FASTQ files generated from the Illumina HiSeq2000 were mapped to the human genome using TopHat software (version 2.0.8) and Bowtie (version 2.1.0; ref. 11), and Cufflinks software (12) was used to generate FPKM values. Genes were filtered to determine if they were detected (defined as FPKM > 1) in each sample. First, we analyzed the distribution of detected genes, and observed a peak of genes that were detected in 80% or more of the samples (Supplementary Fig. S4). To avoid excluding those genes that were not expressed in one of the two groups, we elected to retain genes detected in either 80% of BCR or 80% of non-BCR samples. Genes that were detected in 80% of BCR samples or 80% of non-BCR samples included a set of 5,265 protein-coding or noncoding genes for further analysis. Duplicates from six patient samples were removed, and three patients had incomplete clinical data on PSA and pathologic stage, leaving 97 samples for biomarker analysis.

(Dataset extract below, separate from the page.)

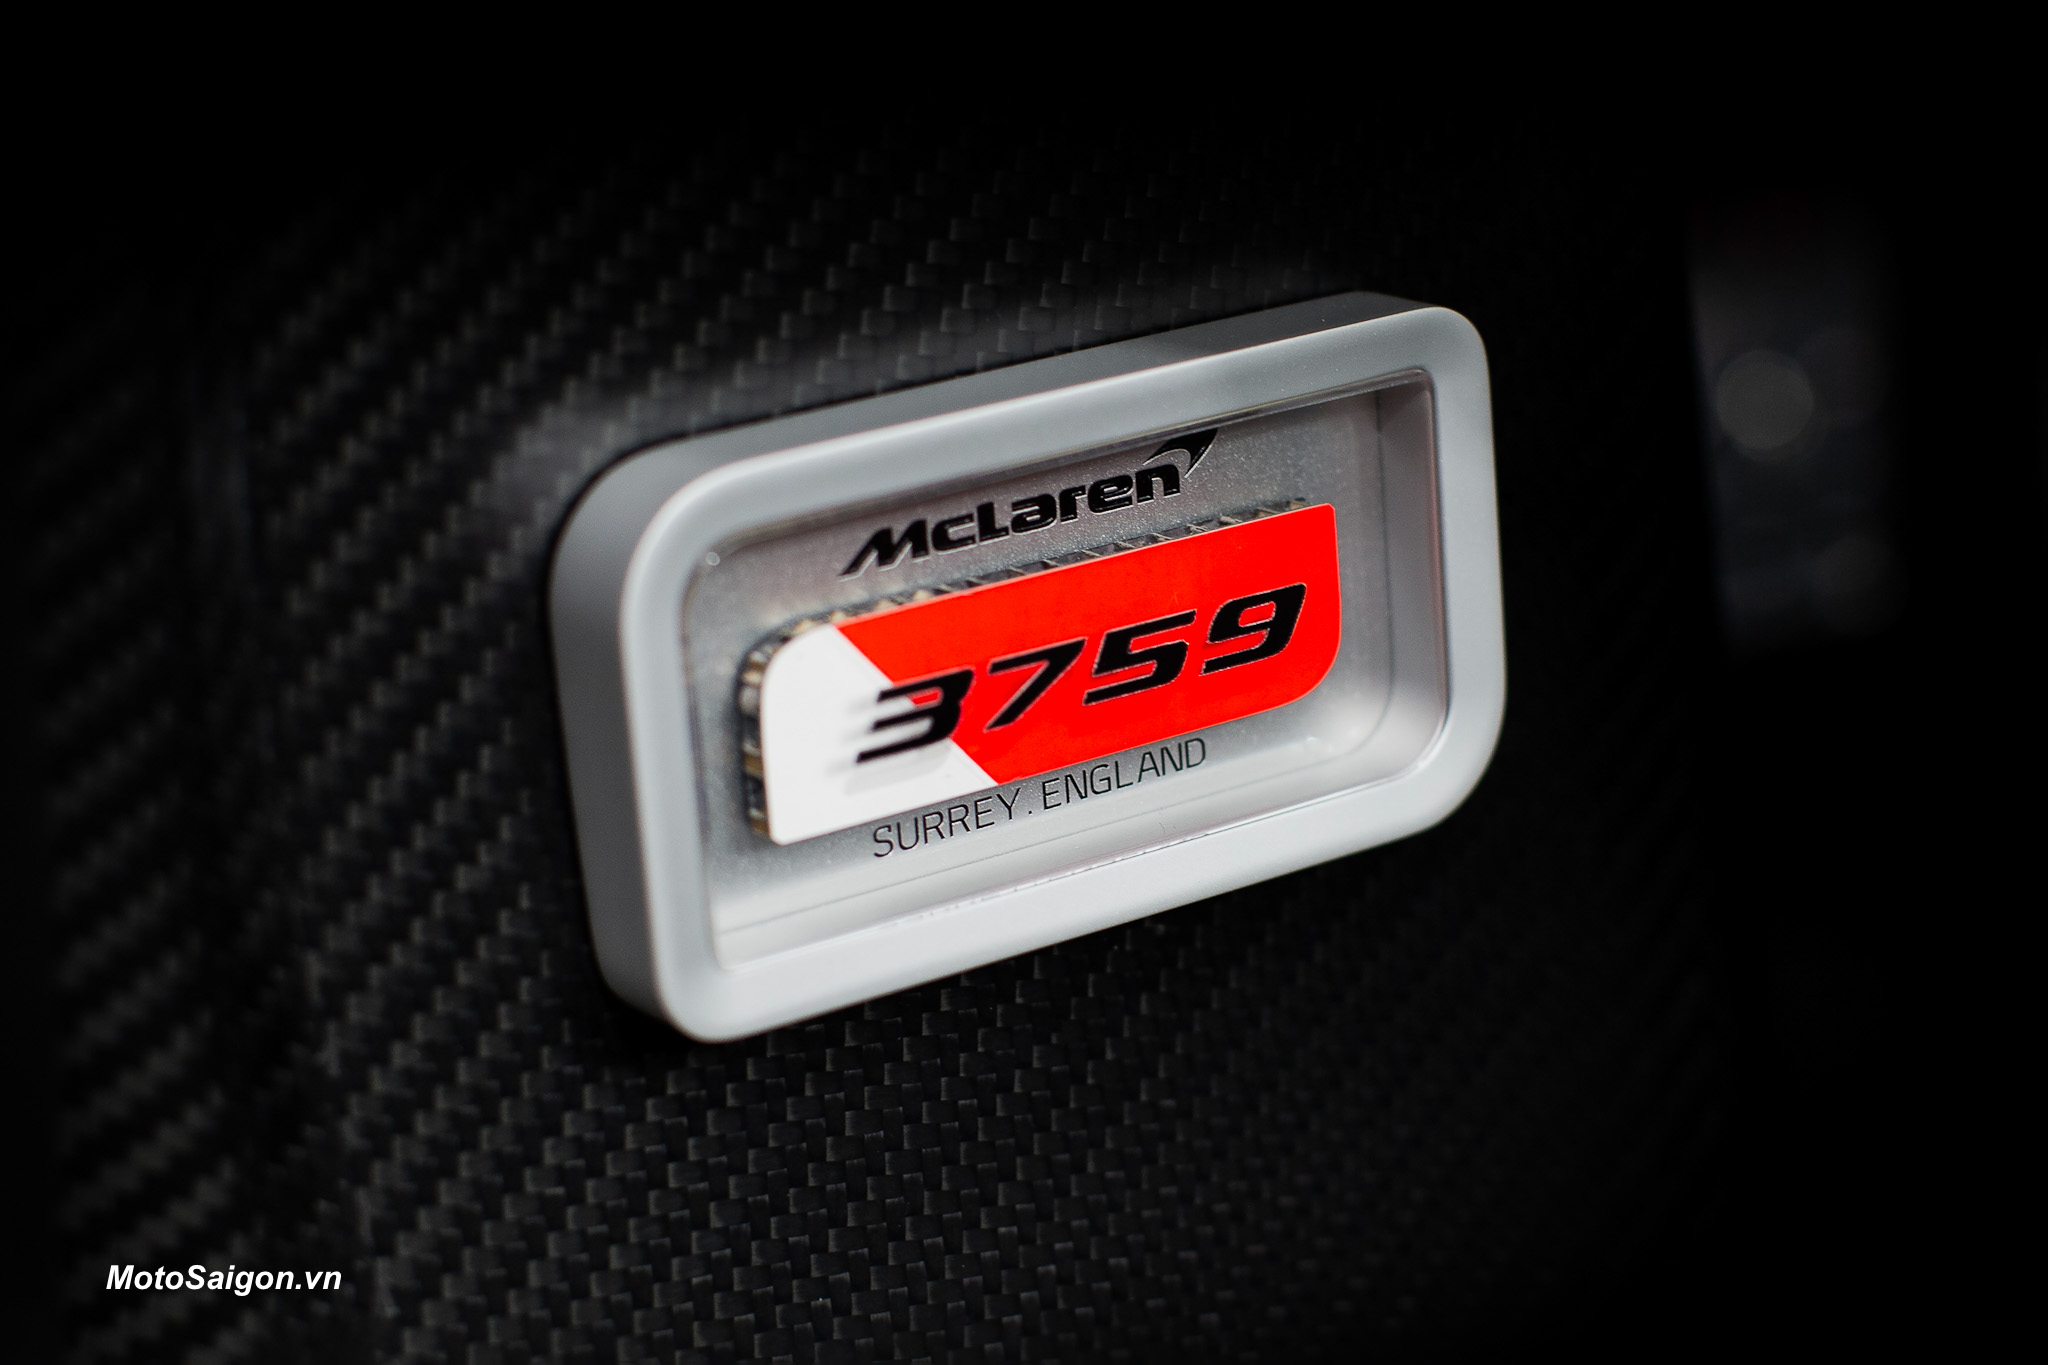 McLaren 750S chủ đề 3-7-59 – phiên bản tôn vinh thành tích chiến thắng ‘Triple Crown’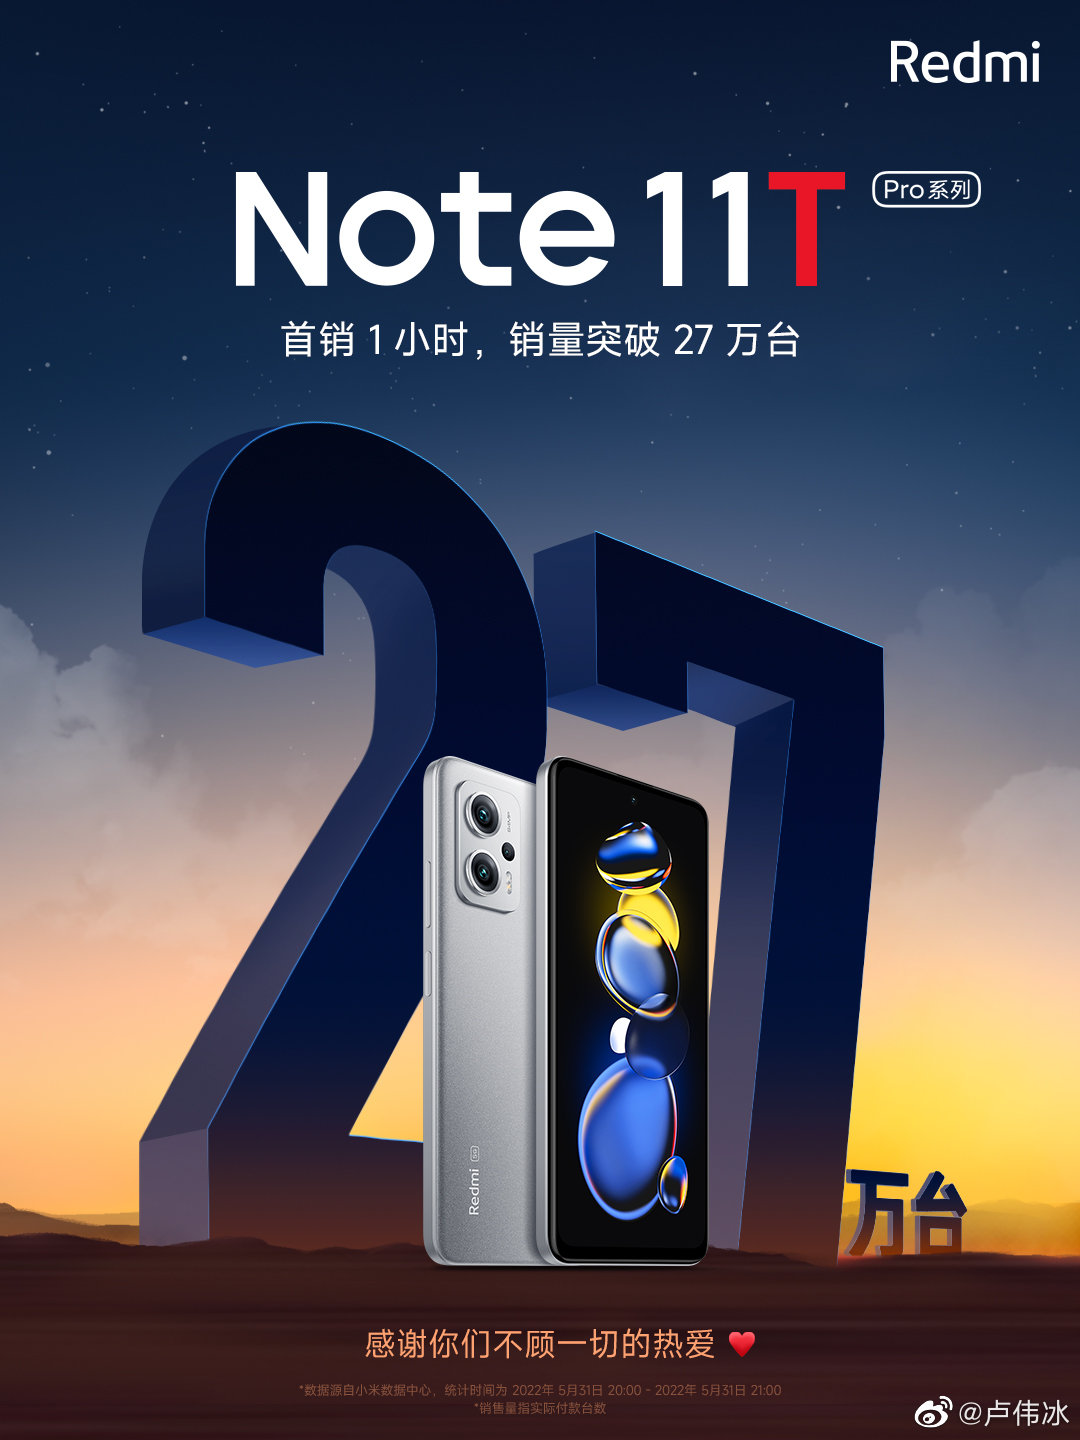 Redmi Note 11T Pro seris first sale

Using the set of 5,265 genes from 97 samples, we built a 24-gene prediction model using a preselection step and a lasso Cox PH model (Table 1), and the final prediction model was built to include the predictive score based on this panel of 24 markers as well as the relevant clinical biomarkers, including pathologic stage, PSA, Gleason score, surgical margin status, and age (Table 2). For comparison, we also built a prediction model using only clinical information, namely, pathologic stage, PSA, Gleason score, surgical margin status, and age, through fitting a Cox PH model (Supplementary Table S4). We then performed log-rank tests to compare BCR between the low-risk (good score) and high-risk (poor score) groups with clinical variables only (Fig. 3A and B), and with both clinical parameters and RNAseq data (Fig. 3C and D). The Kaplan–Meier analysis (Fig. 3A and C) demonstrated that these markers could significantly discriminate patients at higher and lower risk of recurrence by the log-rank test (P = 1.45e−21) in our training data, more significant than using clinical variables alone (P = 5.39e−8). The improvements of the full model in Table 2 over the model using only clinical parameters in prediction as measured by IDI, NRI, and median improvement in risk score for censored survival outcomes (18) were all statistically significant (Table 3).

Figure 3.

Kaplan–Meier survival curves for 97 cases in the training set analyzed by RNAseq (A, C, and E) and for 140 cases in the validation set from Taylor and colleagues (17; B, D, and F). Kaplan–Meier curves using clinical parameters alone are shown in A and B. Kaplan–Meier curves using clinical parameters combined with the 24 RNA biomarker genes as described in Table 2 are shown in C and D. Kaplan–Meier curves using 31 biomarkers from Myriad Genetics are shown in E and F.

Figure 3.

Kaplan–Meier survival curves for 97 cases in the training set analyzed by RNAseq (A, C, and E) and for 140 cases in the validation set from Taylor and colleagues (17; B, D, and F). Kaplan–Meier curves using clinical parameters alone are shown in A and B. Kaplan–Meier curves using clinical parameters combined with the 24 RNA biomarker genes as described in Table 2 are shown in C and D. Kaplan–Meier curves using 31 biomarkers from Myriad Genetics are shown in E and F.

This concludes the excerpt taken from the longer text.